START Provided data

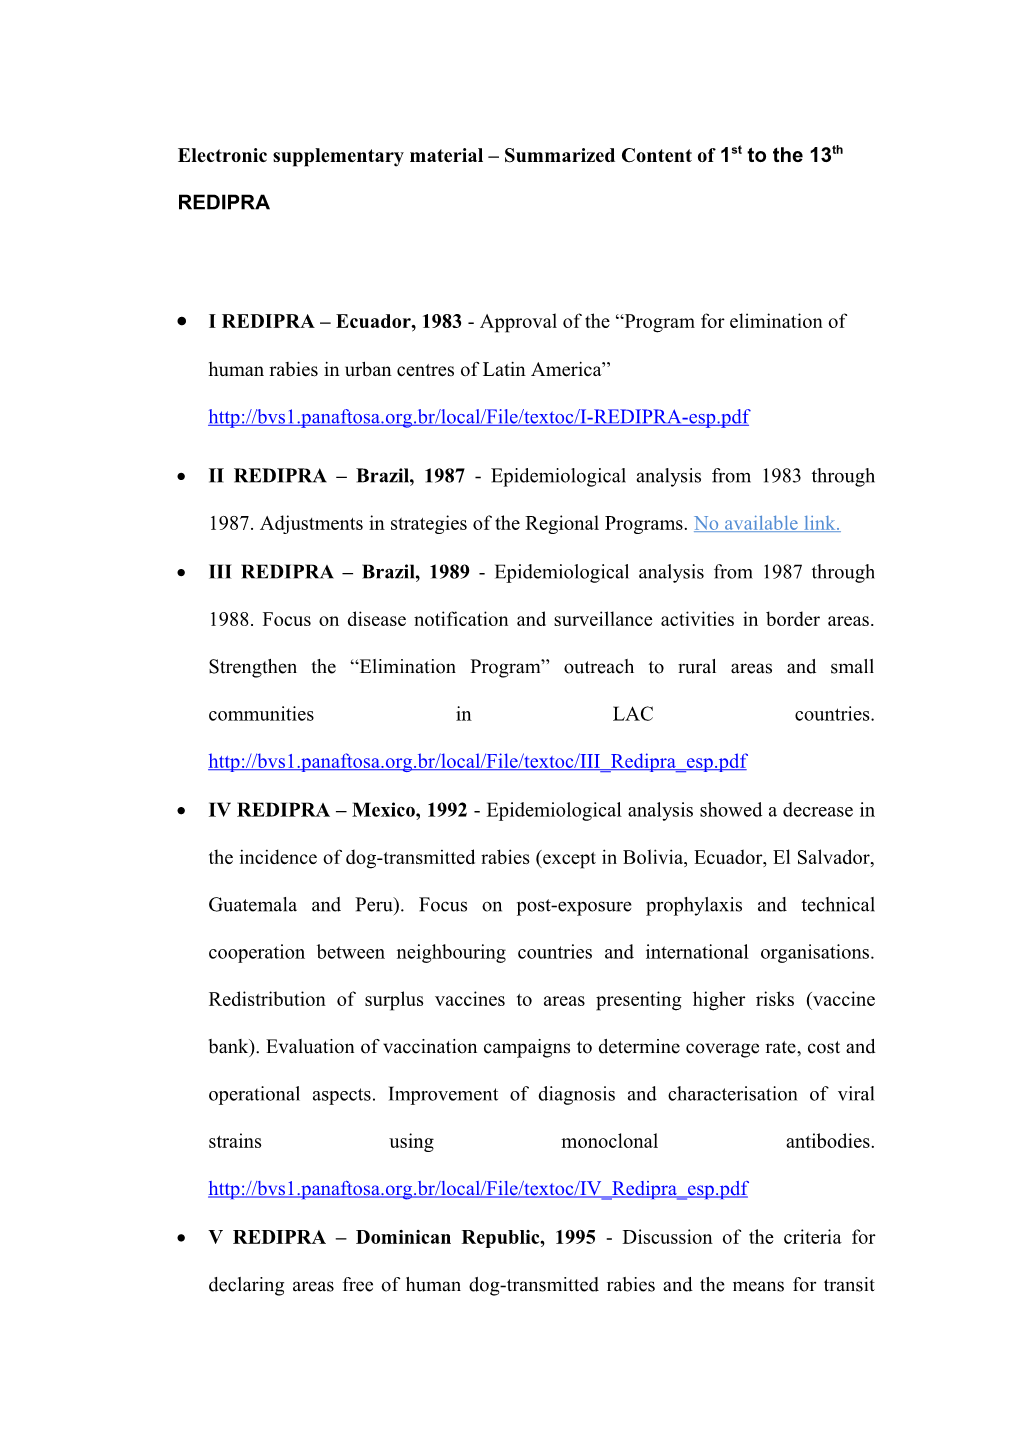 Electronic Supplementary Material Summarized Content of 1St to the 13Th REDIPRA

END Provided data
START Provided data

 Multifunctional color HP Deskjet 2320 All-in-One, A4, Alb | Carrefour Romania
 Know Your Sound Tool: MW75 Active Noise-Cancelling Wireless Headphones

END Provided data
START Provided data

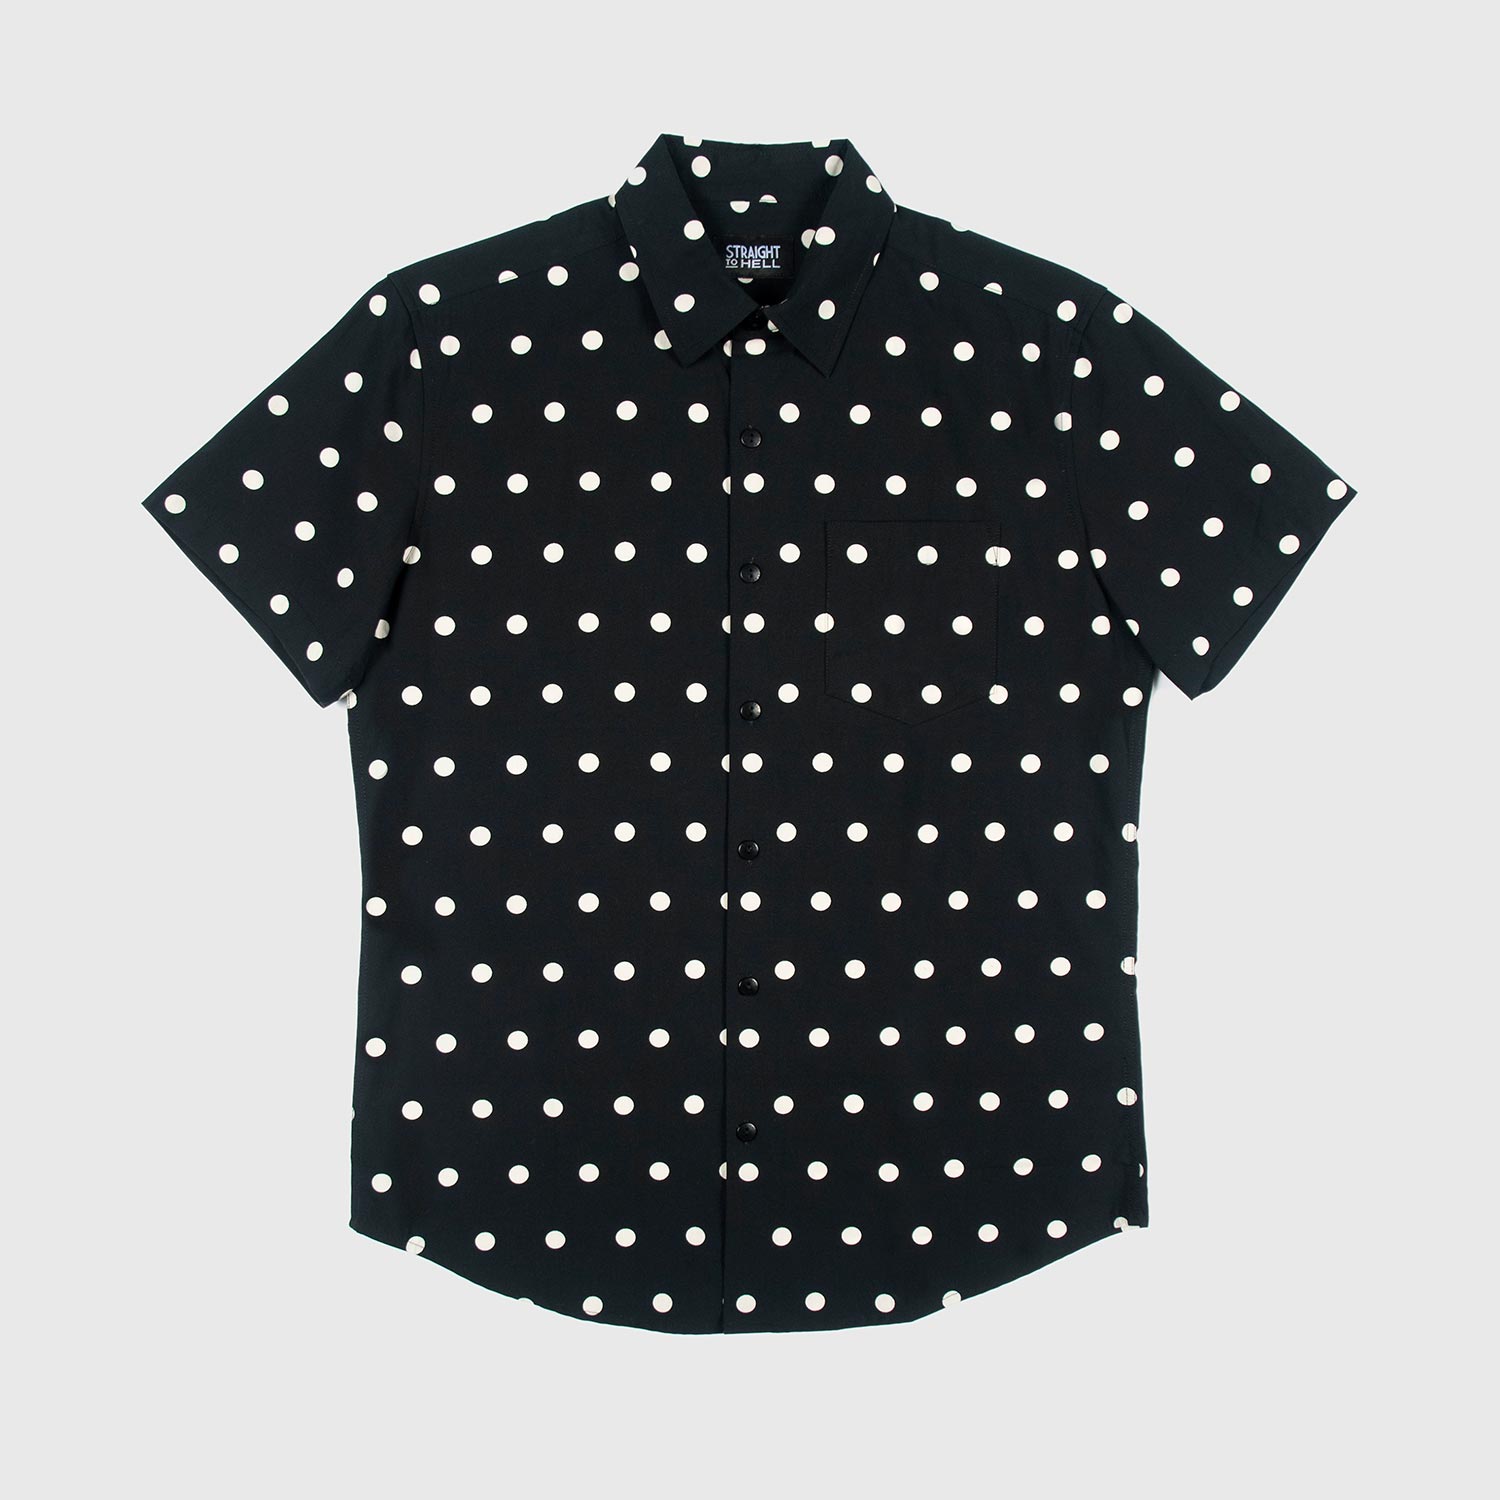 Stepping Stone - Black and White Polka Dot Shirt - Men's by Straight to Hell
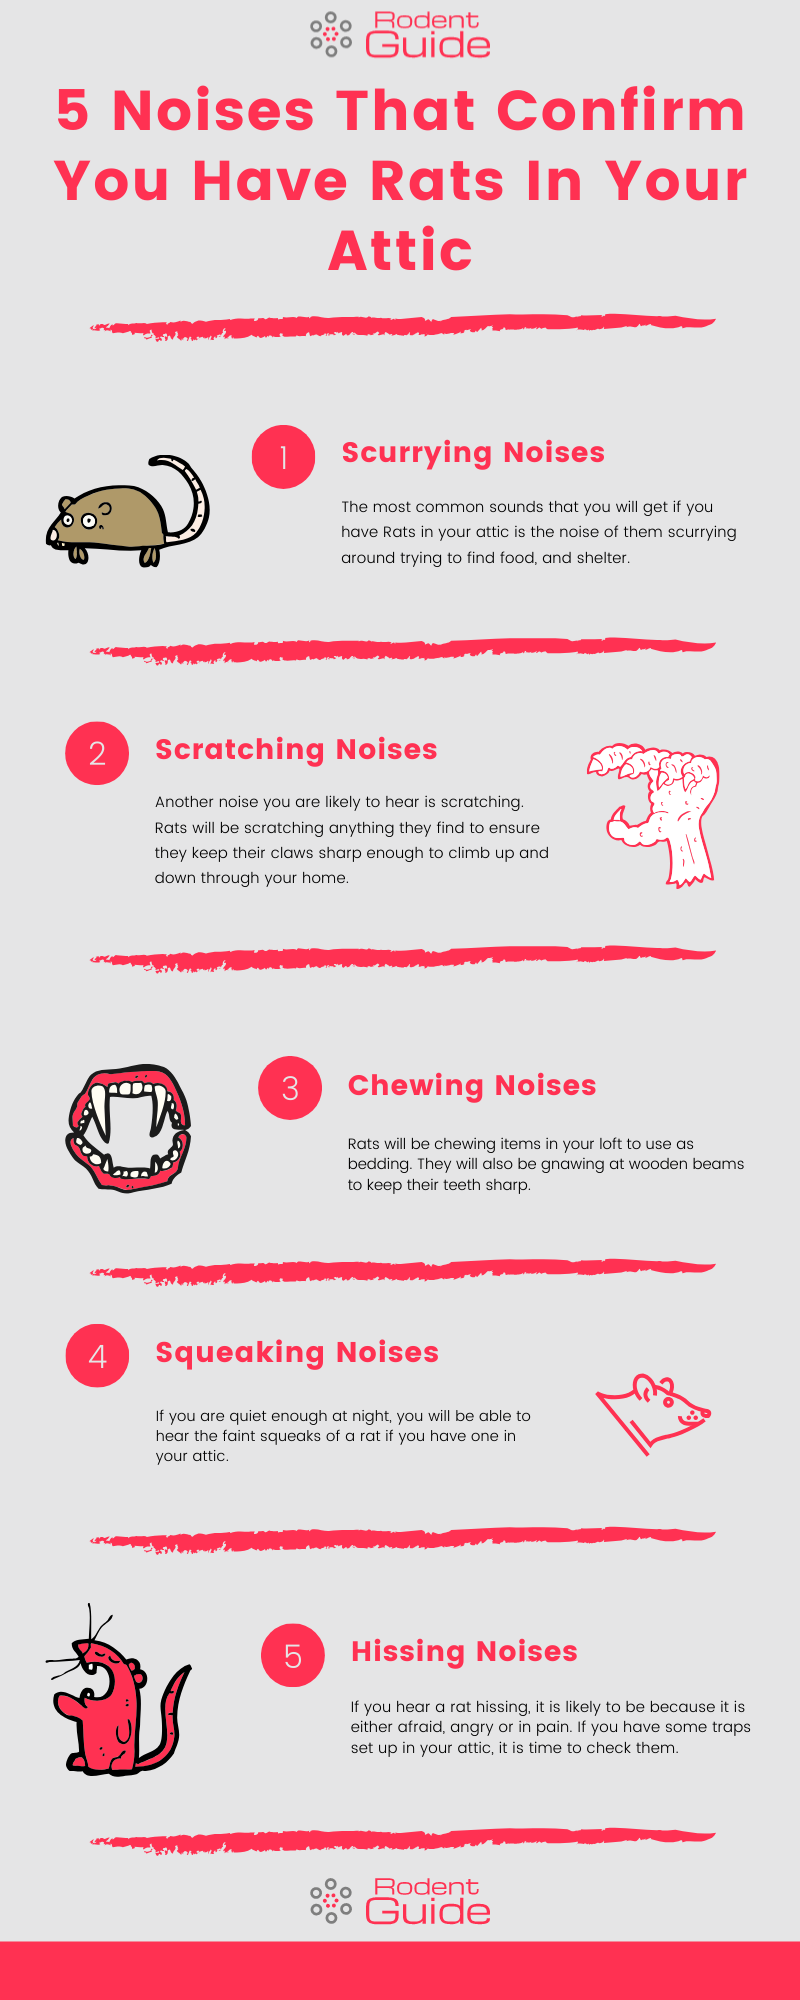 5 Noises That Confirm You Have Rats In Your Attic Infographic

END Provided data

▸ **What to produce**
Of the lines above, quote exactly those from the one with "Stepping Stone - Black" through the one with "5 Noises That", ends included; pictures stay out.

▸ **Answer**
 Stepping Stone - Black and White Polka Dot Shirt - Men's by Straight to Hell
 5 Noises That Confirm You Have Rats In Your Attic Infographic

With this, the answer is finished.